Regardless of which Cloud ERP you choose, the cloud software companies and implementation partners strongly suggest that you, as the client, should determine what reporting needs you have.
In so many ways, this makes sense. Only you and your functional and technical resources can truly understand your reporting needs. So, your team will be tasked with comparing your existing report library with the "delivered" reports out of the new solution and determining which ones you can use out of the box or with tweaks, and which reports must be built from scratch -- custom reports.
The output of that exercise is a list of reports you and your team will need but the new system doesn't deliver "out of the box." This is your list of Custom Reports.
In my experience, everyone gets this and tries their best to do an honest assessment of what the new system can deliver versus what your users believe they need.
But often what comes out of it is a very long list of Custom Reports. In one project the first pass of this resulted in over 200 Custom Reports. When you read, "Custom Report" you should think of time and effort, aka, a lot of money.
That's fine if you really, really need those reports. But often you do not. There's a reporting gap but not necessarily where you think. The reporting gap is usually an understanding gap. The new cloud ERP Solutions deliver reports and reporting differently; even if they didn't, any new system is going to have a different way of delivering reports and it won't look exactly like what your users get today, but it can serve purpose.
So put yourself in the place of one of those "functional" resources or users who are being asked to identify the reports they need in the new system. They already are busy and running from meeting to meeting and now you've put them in a zoom/room, often without any training in the new system, and asked them, "What do you need for reporting?" Will this out of the box budget-to-actual report in the new system be enough to replace your legacy report?
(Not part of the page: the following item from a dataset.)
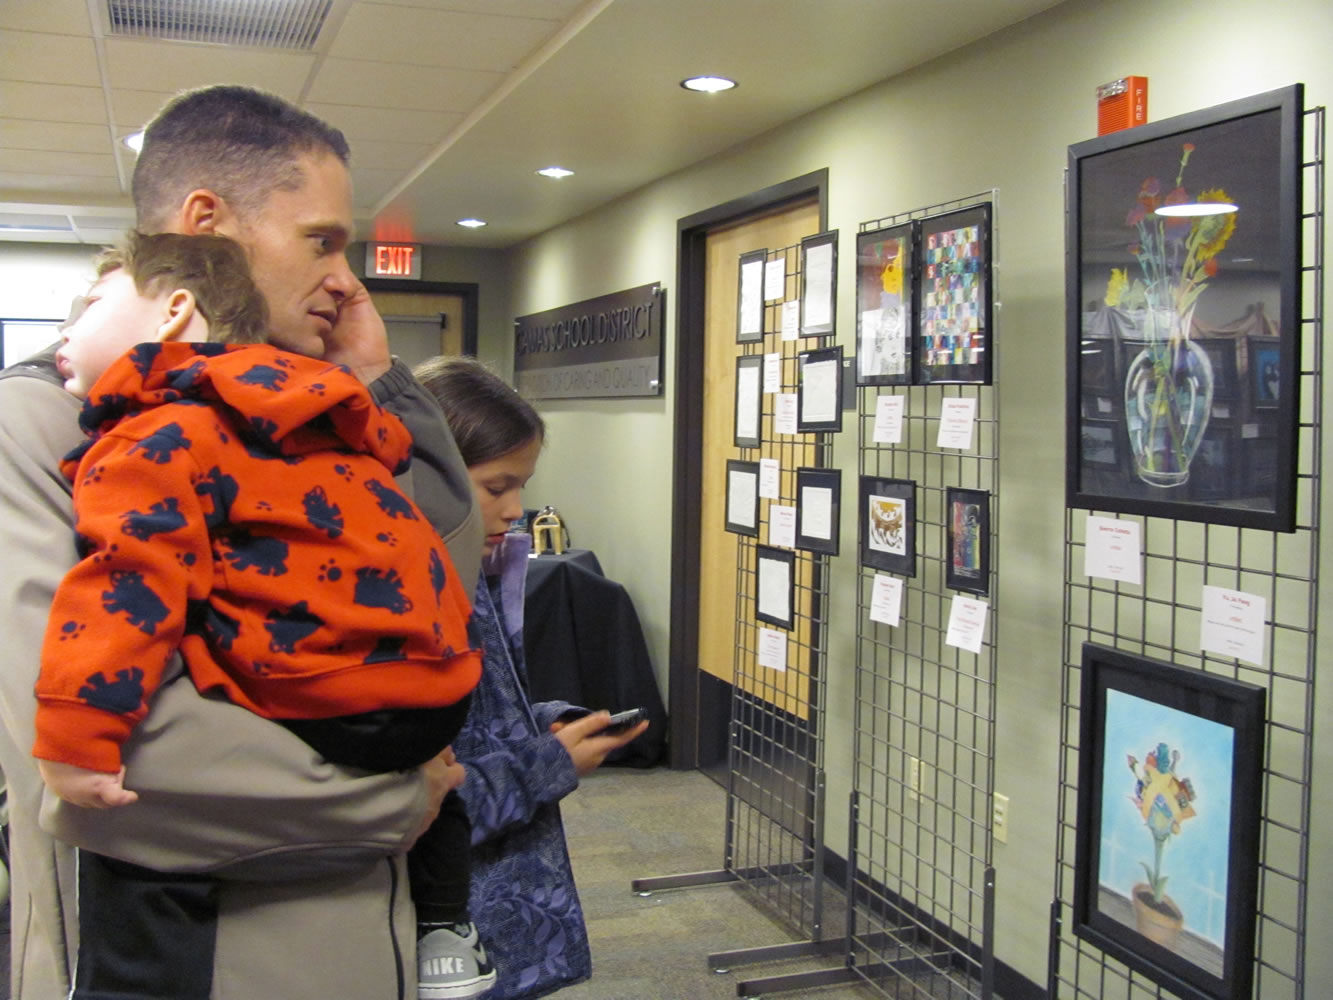 Jeff Snell, Camas School District assistant superintendent, listens to students describe their work at the CHS art show via a recording by dialing a specific number associated with each piece.
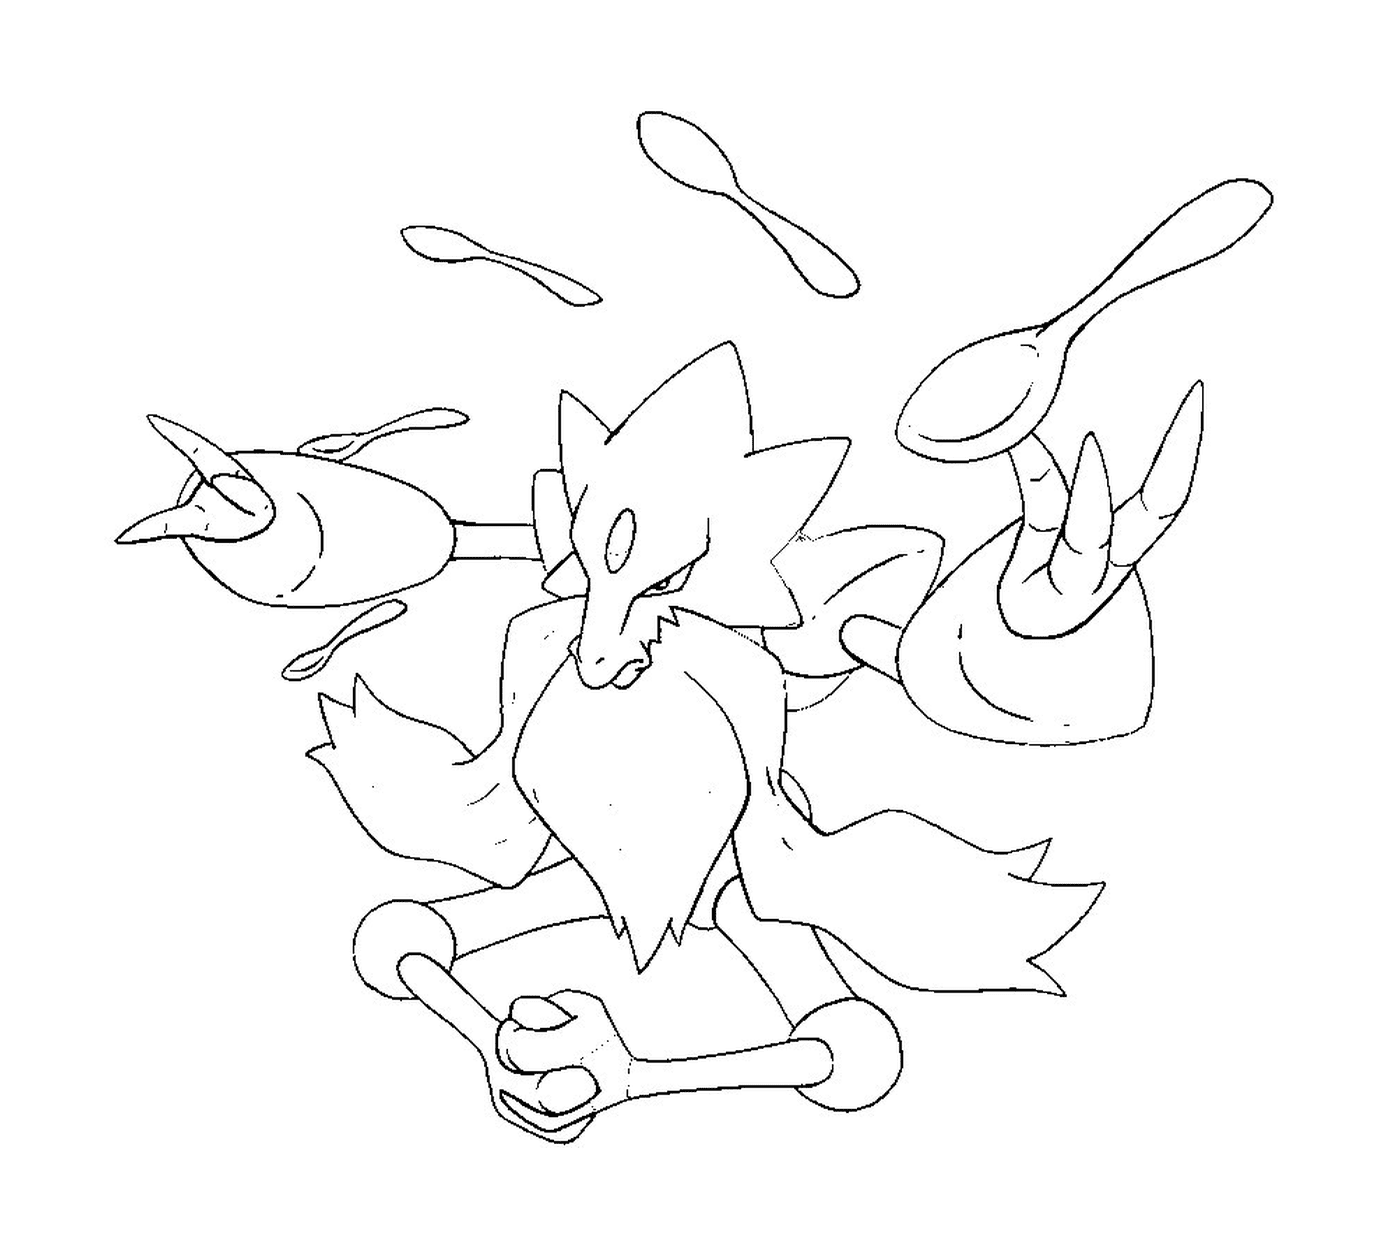  Alakazam, a fox surrounded by spoons

In the moment, you can't be sure. So, most people will reflexively err on the side of caution and say, no; I need a report just like the one I'm getting today. That way I know I can do what I need to do.
But this approach and process leaves much to be desired and can result in wasteful cycles of discussions around future reports versus existing, and project managers nervous about their budget for custom reports.
There's a better way.
As you embark on that Cloud ERP journey, make sure you insist on a few simple things. Before you have anyone sit in a room and try to determine if the future system "canned" reports will meet your team's needs, get that team some serious knowledge of how reporting really works in the new system. It can be the software vendor's reporting training, but even if it is, make sure it's supplemented by the best reporting expert on your consulting team. And make sure you get your smartest report resources trained and in the room.
Finally, shift the mindset. Rather than looking to see if the new reports will match legacy reports, think of this -- how will we best get the reports we need, either through delivered reports, delivered-but-tweaked reports or in some other means that might be different than how you do it today.